Is Noise Conditioning Necessary? A Unified Theory of Unconditional Graph Diffusion Models

TL;DR

This paper demonstrates that graph diffusion models can operate effectively without explicit noise conditioning by leveraging the implicit noise inference capabilities of denoisers, leading to simpler and more efficient architectures.

Contribution

The work provides a theoretical framework and empirical evidence showing that explicit noise conditioning in GDMs may be unnecessary, challenging a common assumption in the field.

Findings

Unconditional GDMs perform comparably or better than conditioned models.

Unconditional models reduce parameters by 4-6% and computation time by 8-10%.

High-dimensional graph data encodes sufficient information for denoising.

Abstract

Explicit noise-level conditioning is widely regarded as essential for the effective operation of Graph Diffusion Models (GDMs). In this work, we challenge this assumption by investigating whether denoisers can implicitly infer noise levels directly from corrupted graph structures, potentially eliminating the need for explicit noise conditioning.

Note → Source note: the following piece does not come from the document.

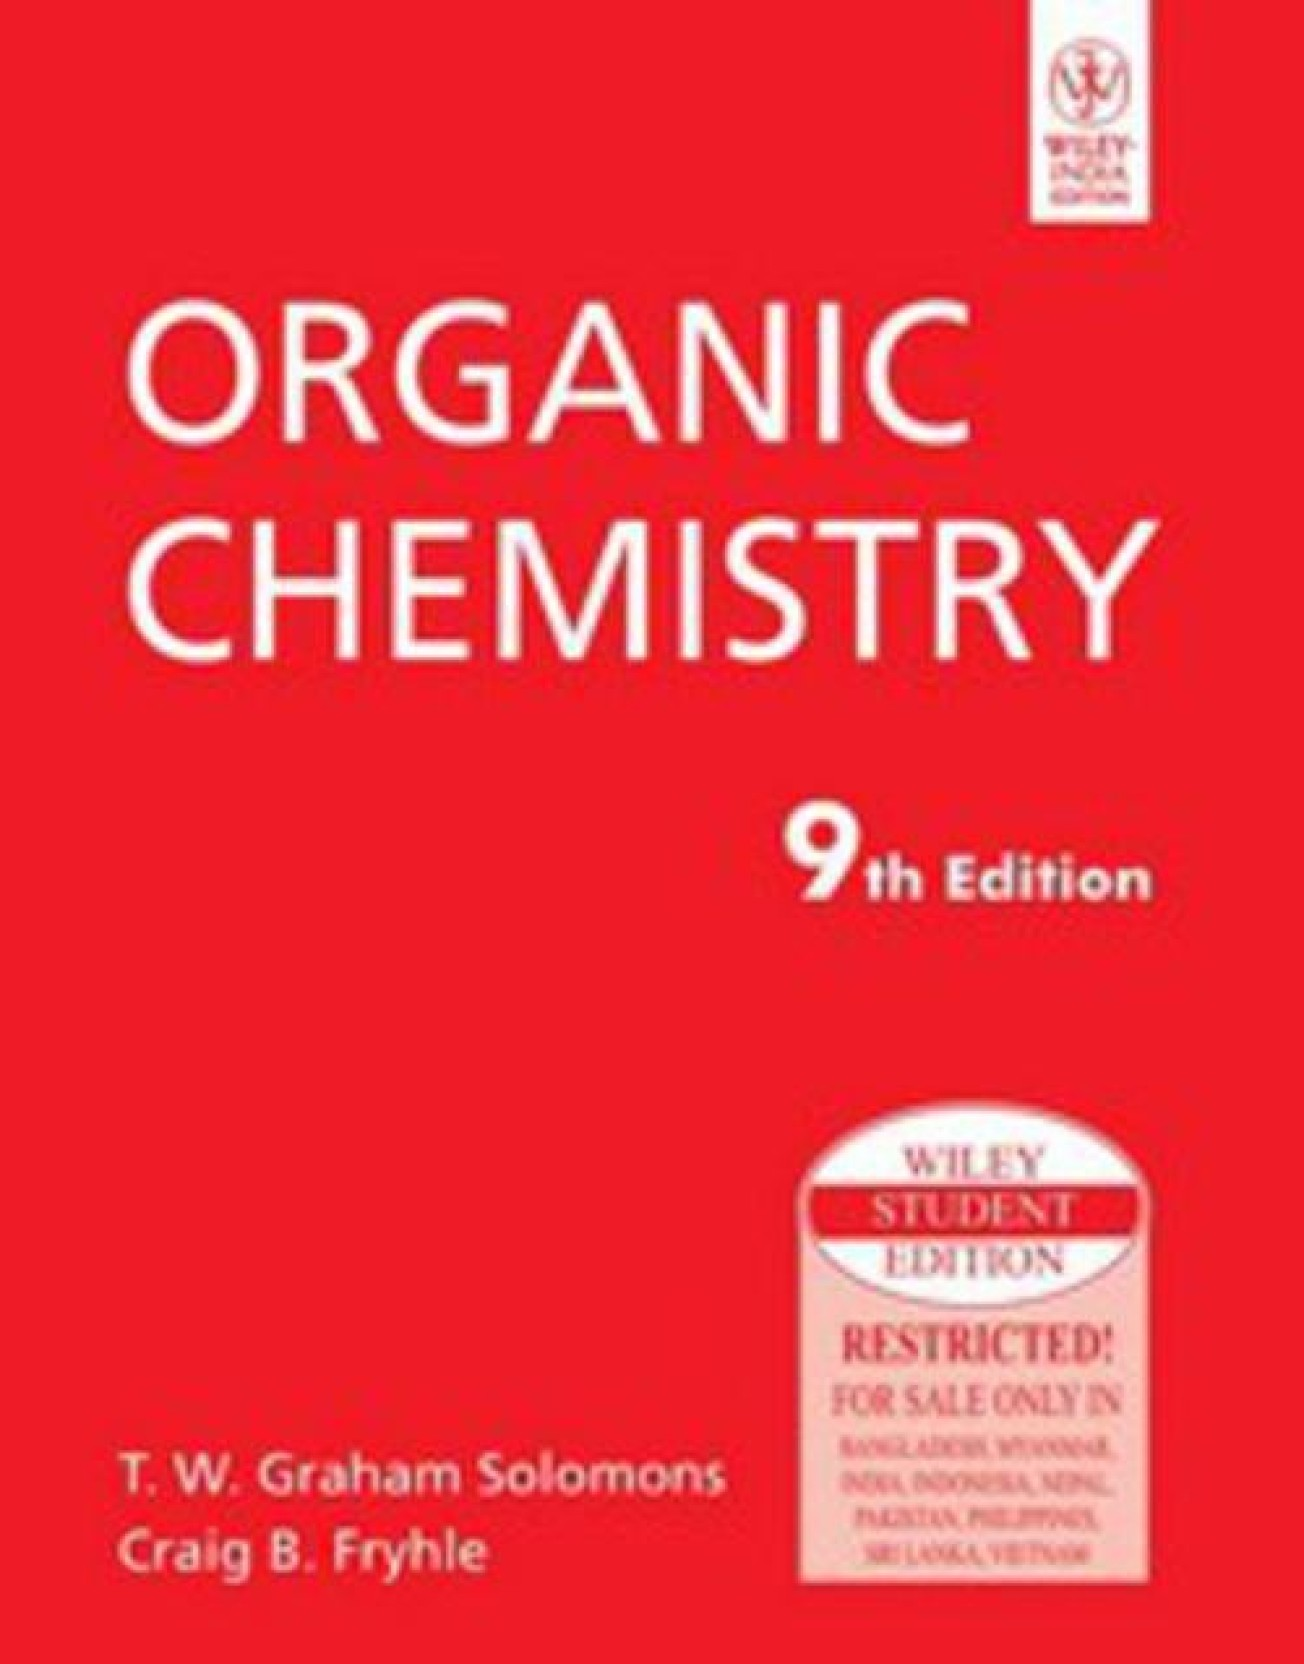 Organic Chemistry 9 Edition. Home

To this end, we develop a theoretical framework centered on Bernoulli edge-flip corruptions and extend it to encompass more complex scenarios involving coupled structure-attribute noise. Extensive empirical evaluations on both synthetic and real-world graph datasets, using models such as GDSS and DiGress, provide strong support for our theoretical findings. Notably, unconditional GDMs achieve performance comparable or superior to their conditioned counterparts, while also offering reductions in parameters (4-6%) and computation time (8-10%). Our results suggest that the high-dimensional nature of graph data itself often encodes sufficient information for the denoising process, opening avenues for simpler, more efficient GDM architectures.